Available from UK high street retailer Tandy (that’s Radio Shack to most), they were cheap and cheerful but delivered what most beginner DJs needed. If memory serves, no matter how obscure, there wasn’t a cable they didn’t stock. 5 pin to everything and back again.

For me, the Realistic 32-1100a was a temporary fixture. Matched with a pair of Technics SLBD22s, it allowed me to start learning how to mix. But obviously, it lacked an essential feature for a fledgeling scratch DJ — a crossfader.

Old man is old

This is where my memory starts to get hazy. I preface this by telling you I had a car accident in the early 90s with a head injury that robbed me of key memories. It seems that I cannot accurately recall which model of mixer I bought next.

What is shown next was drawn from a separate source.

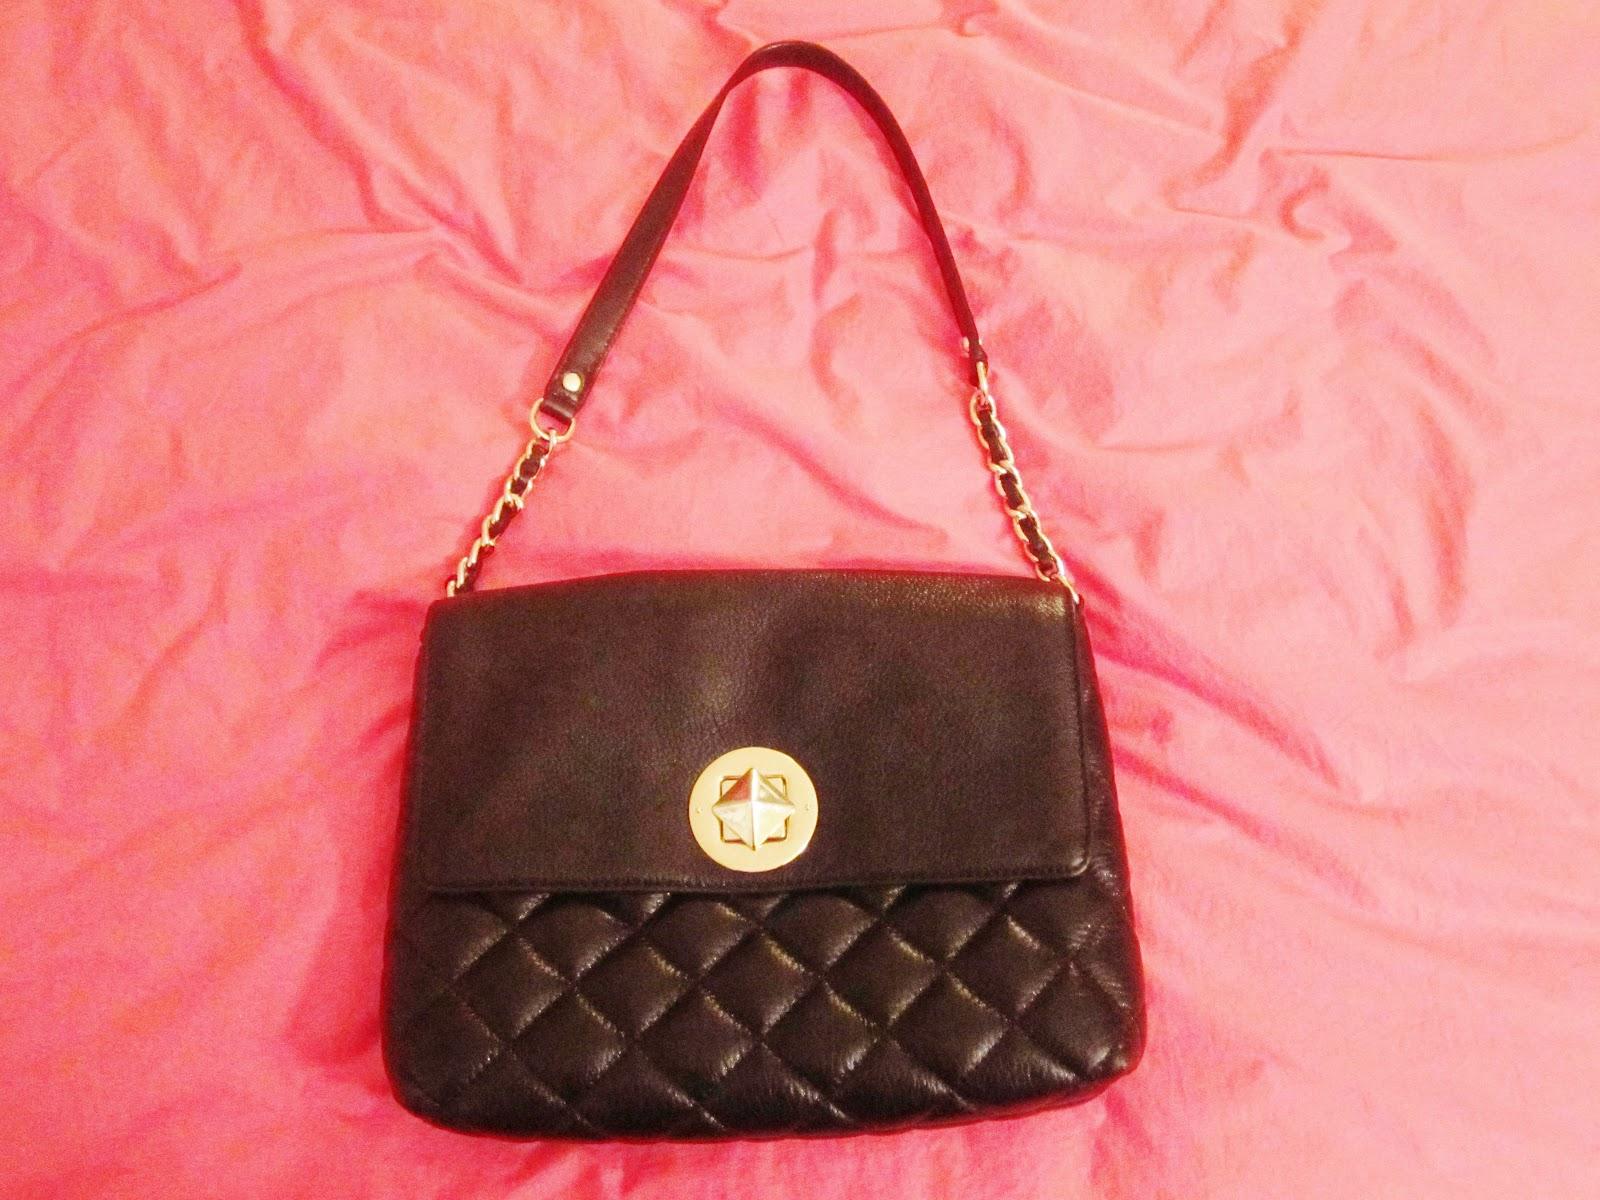 Bree Illuminated Handbags

I remember real VU meters and definitely having horizontal toggle switches over the channels. I know this for a fact because I kept breaking them while trying to emulate Jazzy Jeff’s transformer techniques. I always joke about sending him an invoice for solder and switches.

As for the exact make and model… I believed it was a Realistic 32-1200, but they have sliders and not toggles. Pretty sure I had one at some point though. Everyone did.

I’m looking down at my hands, trying to skip back through my broken memory banks, and I’m getting nothing. Just a blank space. I can see everything around me — Roland TB303, Korg KPR77 drum machine, Fostex X15 four track, Atari ST… but the mixer is a blank. And that’s so annoying.


I’ll be picking up more old units, and will be looking to get some on loan too because it’s unlikely that a Bozak will appear on eBay for £50. But when I’m done, this Realistic mixer will look amazing as a limited run technical illustration on your wall.

The question is this

I might as well open this up to the floor. What was your first DJ gear? Do you remember? Do you still have it? Don’t be shy — we all started somewhere.

  1. This was my first mixer as well. I inherited it from my older brother who abandoned his DJ equipment and records for the fast life of the streets. The turntables that he had were belt drives and I kept breaking the belt so I begged my mom to buy me a pair of Gemini DJQ-1200 direct drive turntables. And that’s where the fun began.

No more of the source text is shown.